Seorang pembohong (ngakunya pemborong pembangunan padahal hanya
makelar proyek alias penggadai SPK--Surat Perintah Kerja, dan ngakunya Sarjana
Teknik Prodi Teknik Sipil padahal, ah, sudahlah) dipuja-puji sebagai penyair,
sastrawan, atau penulis. Dia sama sekali tidak memiliki kapasitas mumpuni untuk
pantas-patut-layak disebut penyair, sastrawan, atau penulis.
Musibahnya lagi, dia -- sebut saja Paijo alias Jojon -- diakui
oleh sebagian
penyair, sastrawan, atau penulis Kalimantan sebagai penyair, sastrawan, atau
penulis Balikpapan.
Aku pernah ditipu oleh dia
perihal desain bangunan. Sebenarnya ada 3 desain tetapi 1 kuanggap perkenalan.
Sedangkan 2 desain benar-benar hanya dibayar dengan kata sarat dusta semata.
Sebelumnya, seorang rekan arsitek juga ditipu oleh dia. Sungguh seorang
pemborong, eh, pembohong!
Aku pun pernah menegur dia secara
keras-tegas di depan murid-murid SMP-SMA dalam sebuah diskusi karya sastra yang
diselenggarakan oleh sebuah komunitas seni Tanah Paser-Grogot pada 2013.

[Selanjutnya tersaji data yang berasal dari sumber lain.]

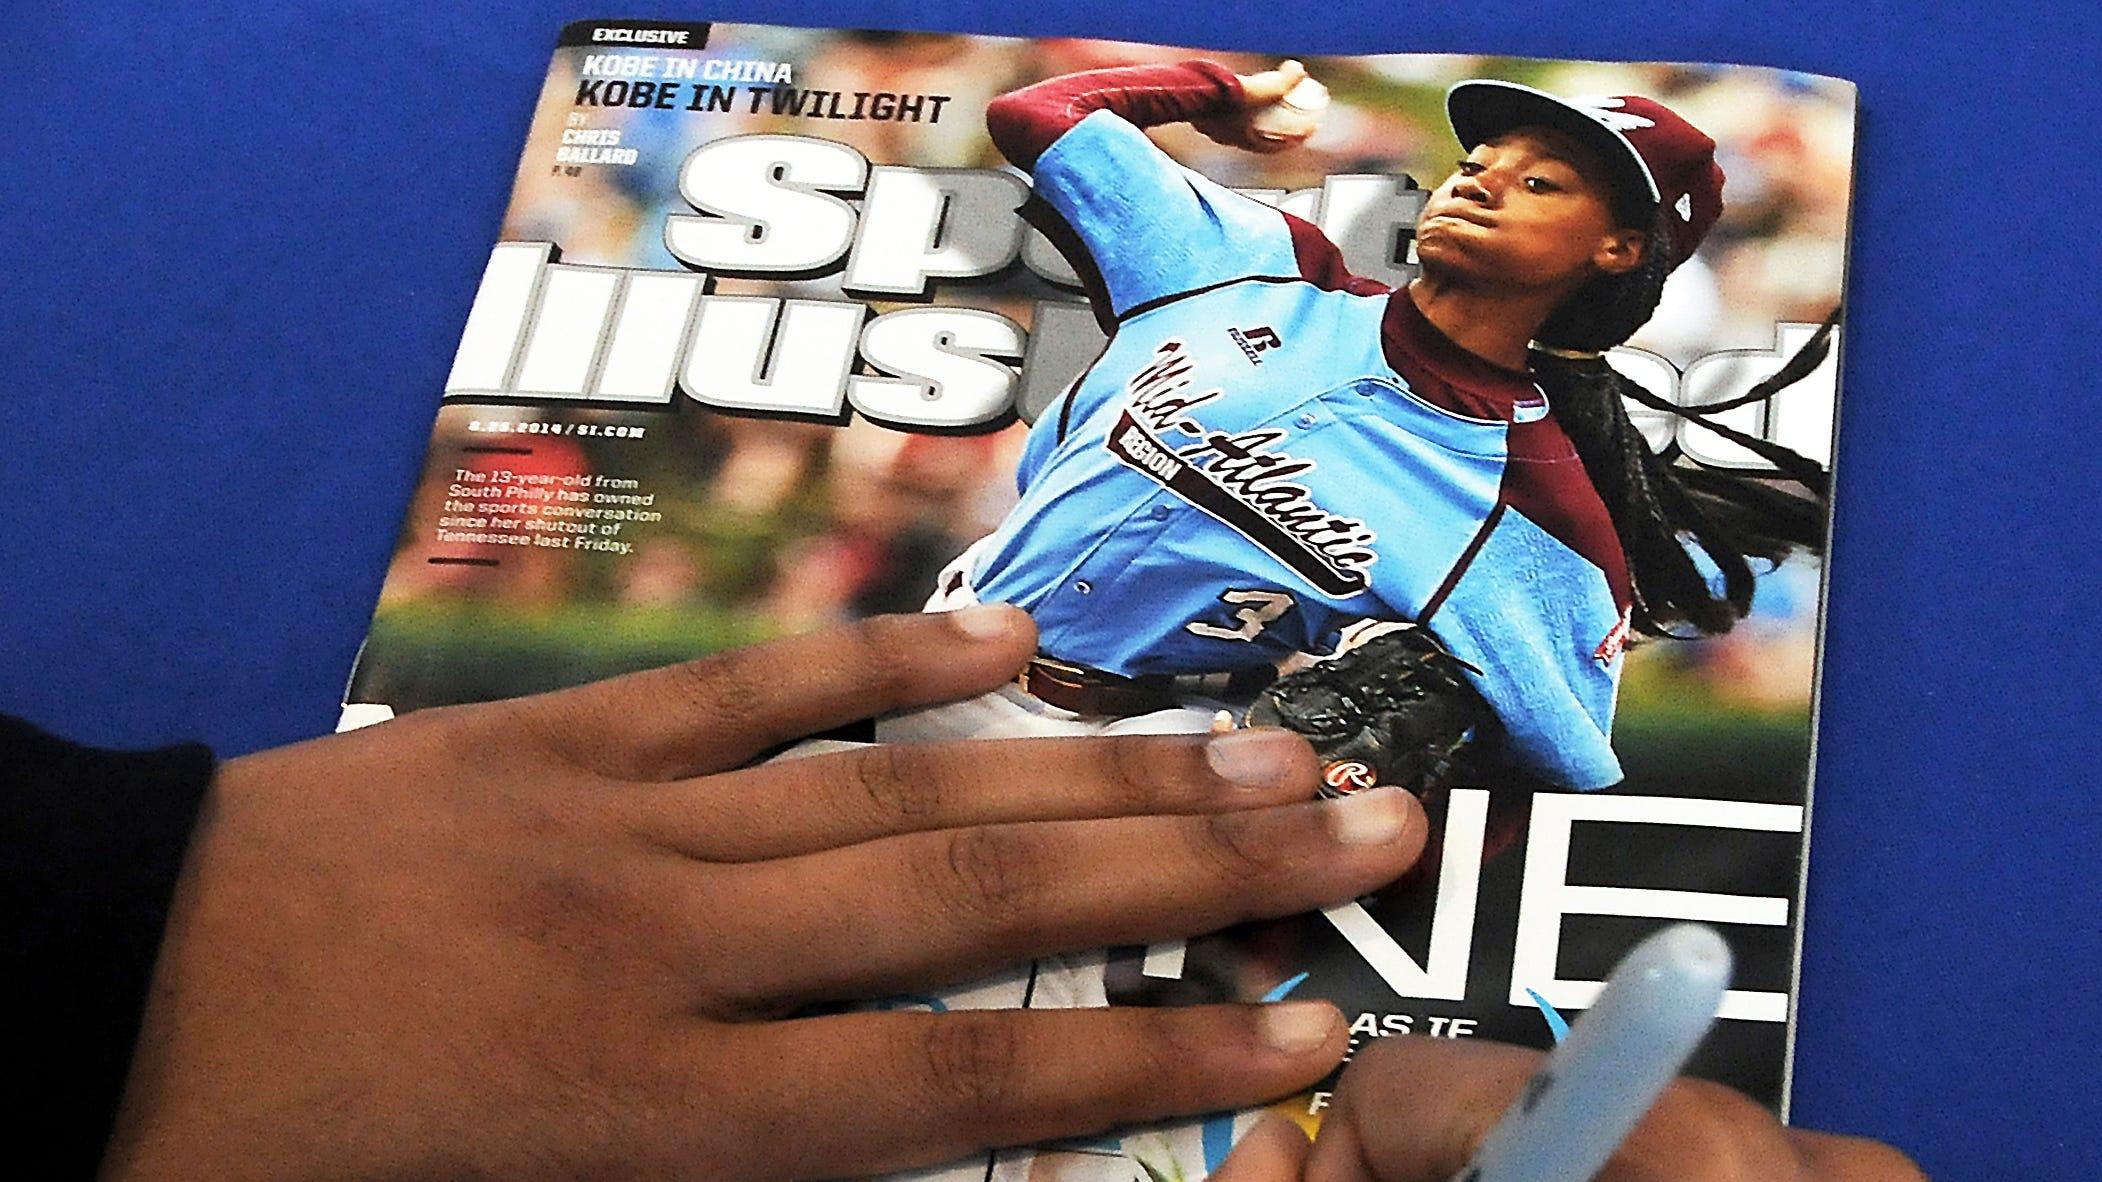 Sports Illustrated, under new management, cuts 40 staff jobs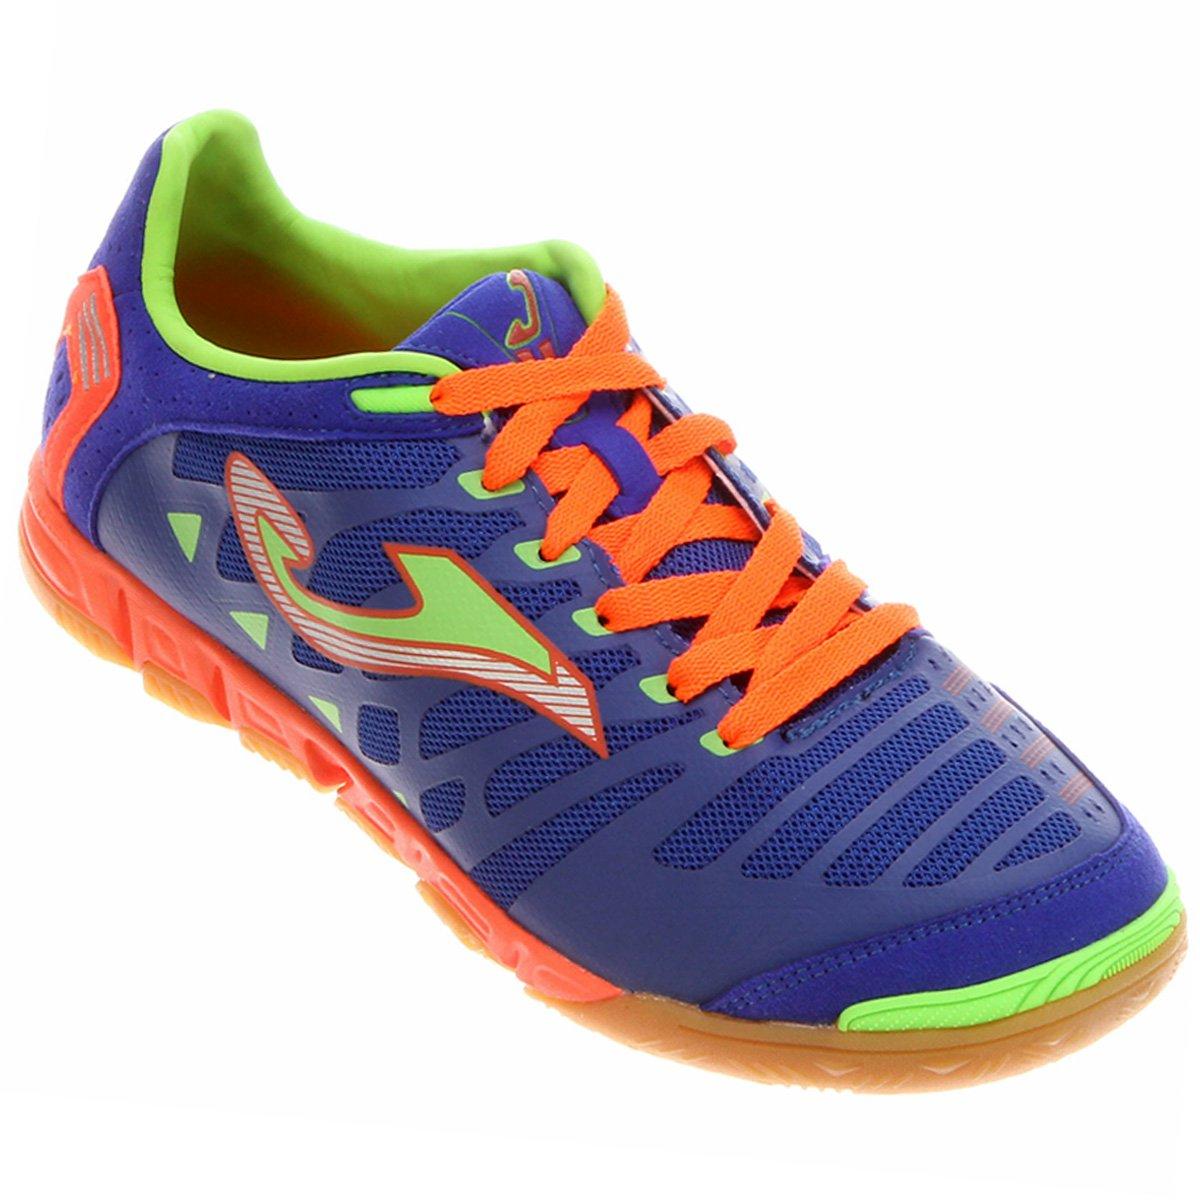 Chuteira Joma Super Regate Futsal - Compre Agora  314ac5151b9f0

Masalahnya, kami sedang mendiskusikan karya adik-adik itu secara serius, dia
malah seenaknya ngobrol dengan suara lebih nyaring di sebelahku, padahal isi
obrolannya sama sekali tidak berhubungan dengan acara diskusi, bahkan tidak
bermutu. Sungguh menjengkelkan, orang setua itu tidak memahami diskusi.
Begitukah sikap seseorang yang pantas-patut-layak dianggap, diaku, bahkan
dipuja-puji oleh para pegiat budaya di Kalimantan sebagai penyair, sastrawan,
atau penulis?
Oleh sebab mereka mengakui dia
sebagai penyair, sastrawan, atau penulis, maka aku menganggap justru hujan
adalah penyair, sastrawan, atau penulis sejati di Balikpapan.
Bagaimana tidak? Lha wong dia
tidak bisa memahami "di" sebagai kata kerja atau kata keterangan,
padahal sangat sepele bagi seorang penulis. Lha sudah jelas gagal paham begitu
malah dia dianggap bahkan dipuja-puji sebagai penyair, sastrawan, atau penulis,
apa tidak menjadi musibah budaya?
18 Oktober 2014 aku keluar dari
seluruh kegiatan seni-sastra di Balikpapan gara-gara, salah satunya, dia
mengaku-aku dirinya penyair bahkan dipuja-puji oleh orang-orang Balikpapan
padahal, ah, sudahlah. Aku tidak perlu pengakuan sebagai siapa dari para pegiat
budaya se-Balikpapan bahkan se-Kalimantan.
Dan, 2017 ini aku semakin tidak
tertarik dengan pengakuan para penyair, sastrawan, atau penulis se-Kalimantan
karena seorang pembohong malah diakui sebagai penyair, sastrawan, atau penulis
Balikpapan. Aku memilih menjadi arsitek saja dan keluar dari ranah seni-sastra
se-Kalimantan raya daripada menjadi penyair, sastrawan, atau penulis
Balikpapan. Aku tidak sudi disamakan dengan Paijo alias Jojon itu. Amit-amit
banget deh!
*******
9 Oktober 2017 ketika kubaca nama Paijo tertera pada linimasa (tag) sebuah status "Pertemuan Penulis : Novelis, Penyair ... 9 Kota di Kalimantan.